A Tenderloin Story: The Window Washer

by Mary Jessup on March 15, 2016

I live in San Francisco in the Tenderloin neighborhood. The area has an awful reputation, and some people are afraid of the Tenderloin. But when you live in the Tenderloin, you realize its radiance. This little story is about the neighborhood, and the community. It was told to me by the window washer, and so I named the story after him.

A couple of weeks ago the management of my residential building hired a window washer to clean the exterior windows of our building. The man worked all day Saturday and Sunday. He did an excellent job. I was happy to have clean windows.

Sunday morning, when exiting the building, I saw the window washer. He was standing on the sidewalk, taking a break. He had all his equipment with him, and I knew it was him.

“Hi,” I said, smiling. “Thank you for washing the windows. You did a great job.”

He smiled. “Hi,” he said. “Thank you.”

“You’re welcome,” I said.

“You people in the Tenderloin talk to me,” he said. “You all talk to me, and say thank you. People here tell me they appreciate my work. They sometimes give me tips. And food.”

“Wow! That’s wonderful,” I said.

“Yeah,” he said. “I work all over the City. And nobody talks to me. In the Tenderloin people talk to me. They’re friendly.”

That is it. The people in the Tenderloin are friendly, and real. Most are living in poverty, and cannot afford the paraphernalia of wealth.

The Tenderloin is not scary. It is real. The people are real, and they’re living a real life. Among the people of the Tenderloin, there is no pretense.

Poverty strips away arrogance, snobbishness, the sense of separation, which we call “us” and “them.” The poverty of the Tenderloin teaches humility.
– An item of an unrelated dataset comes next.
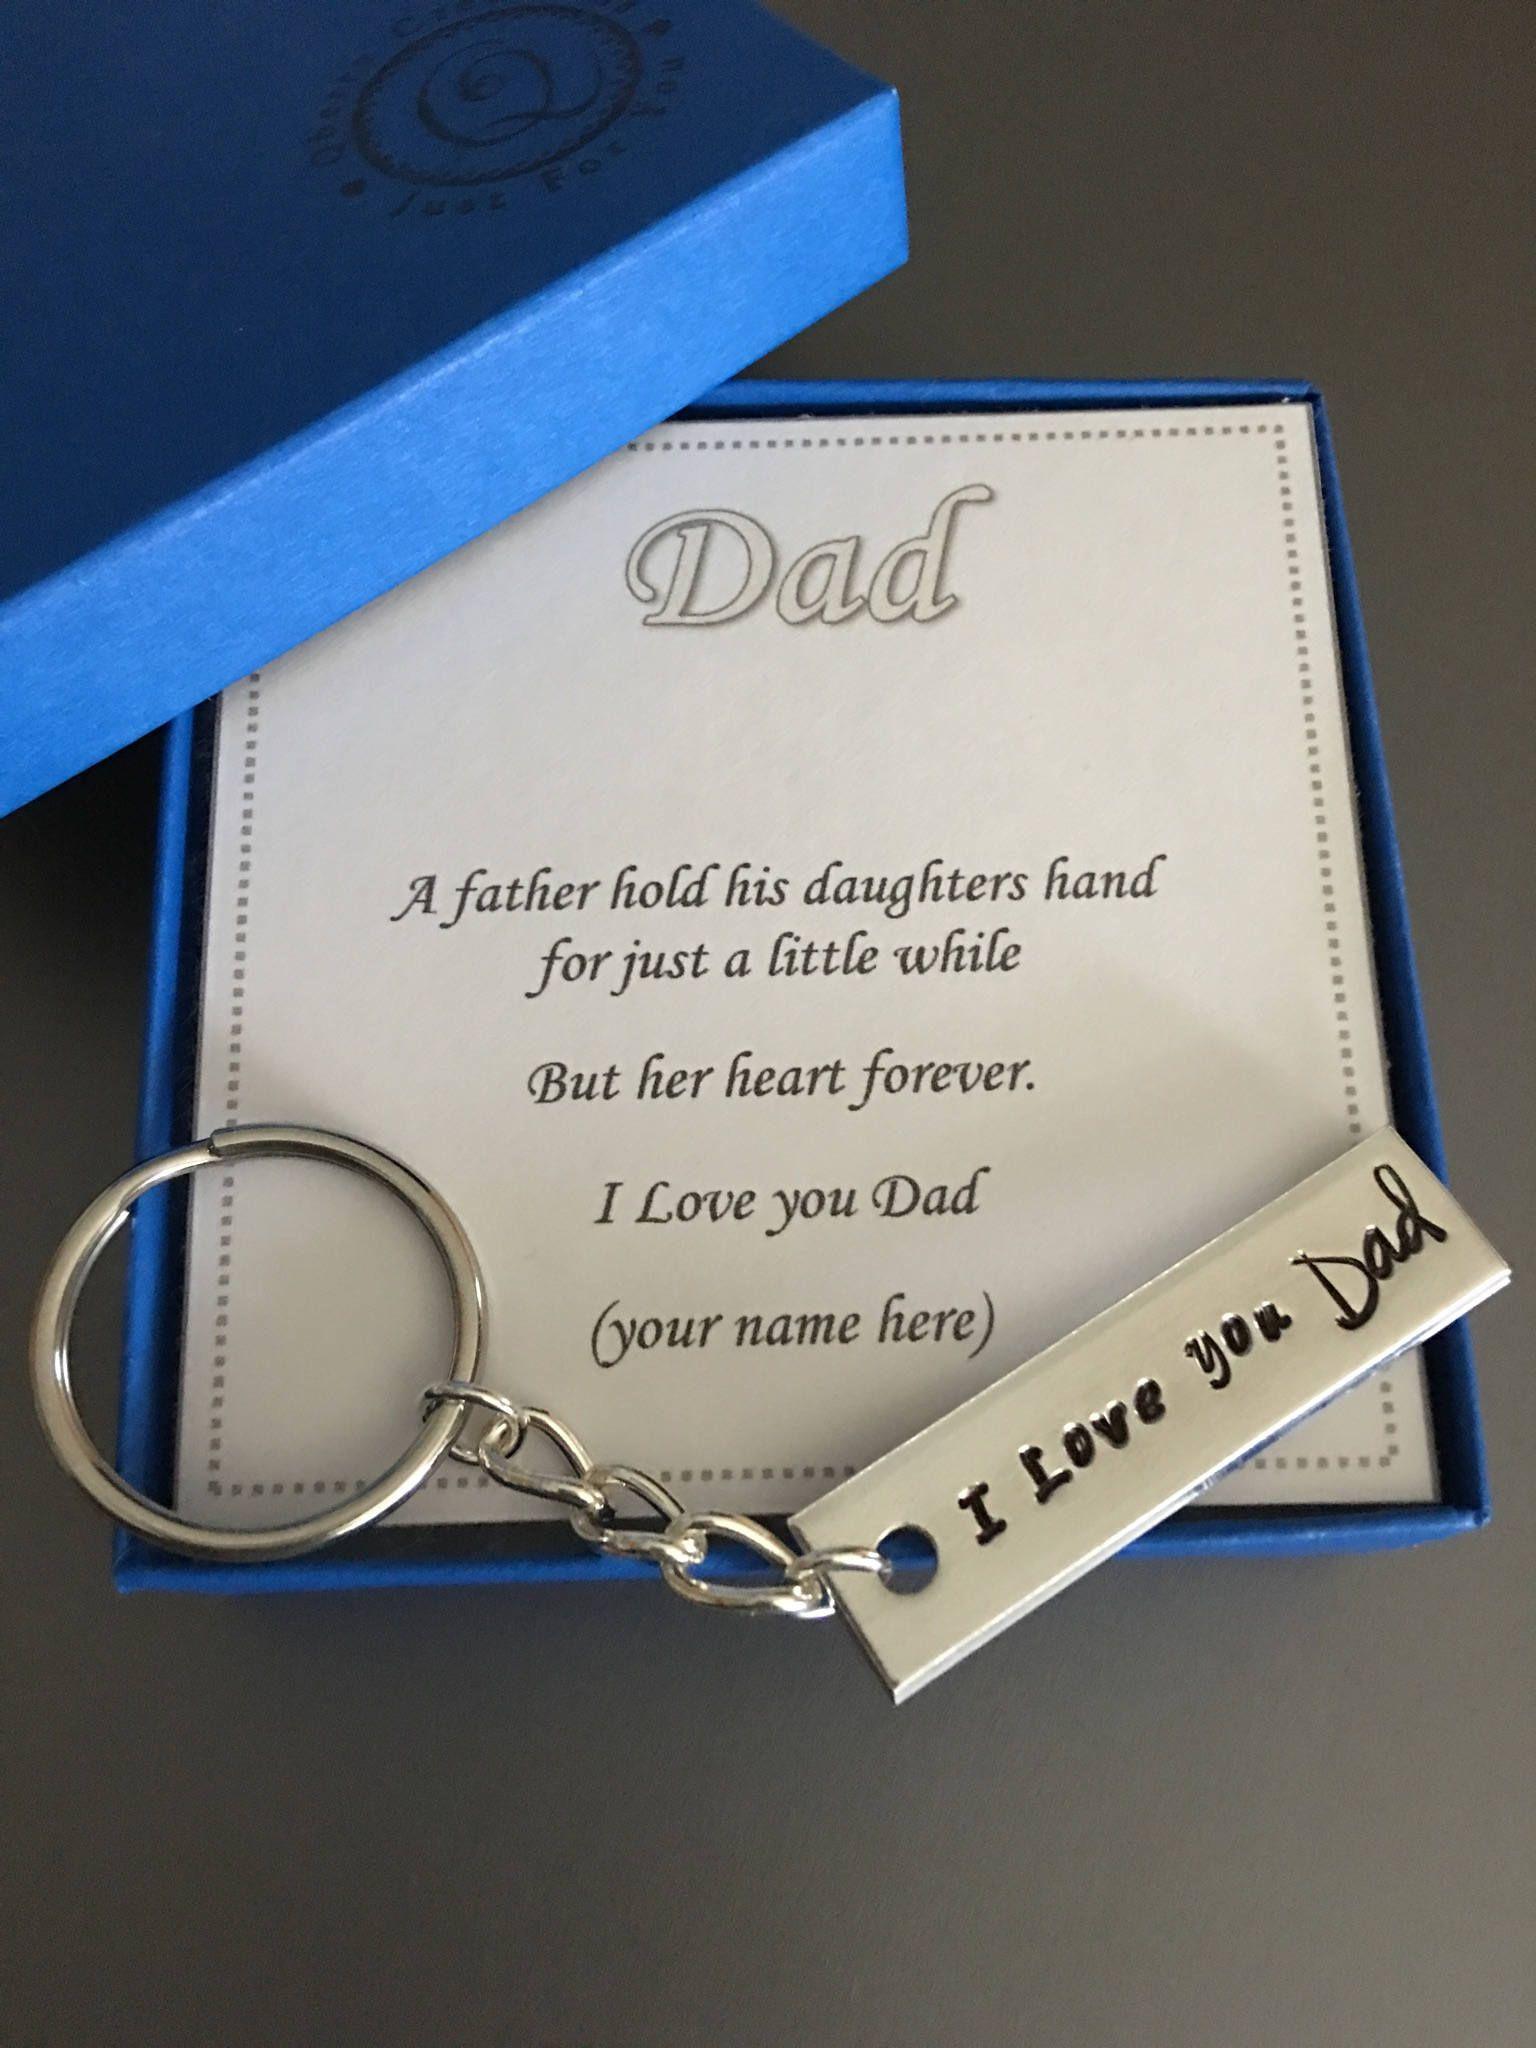 Considerable Dad Photos Styles Ideas 2018 Far Far S Day Gift Fars Groom Present Ideas Far Bride Keychain Wedding Gift Gift To Wedding Gift Groom Gifts Amazon

It is true that the Tenderloin is a harsh neighborhood, raw and rough. Life is lived on the streets. Everything is seen. There are no secrets.

Experience teaches that life in the Tenderloin is the same as life everywhere else in the City, except everywhere else, life is concealed by facades.

The Tenderloin is San Francisco’s shadow. Every day on the streets, the citizens of the Tenderloin confront the dark side of life, the evil. This is a service performed by the residents of the Tenderloin for the remaining residents of the City. Living life in the shadow is the Tenderloin’s spiritual gift to San Francisco.

Poverty helps people to be truly human, to be authentic. We don’t think about it, we live it. We live our humanity. To be human is to be friendly.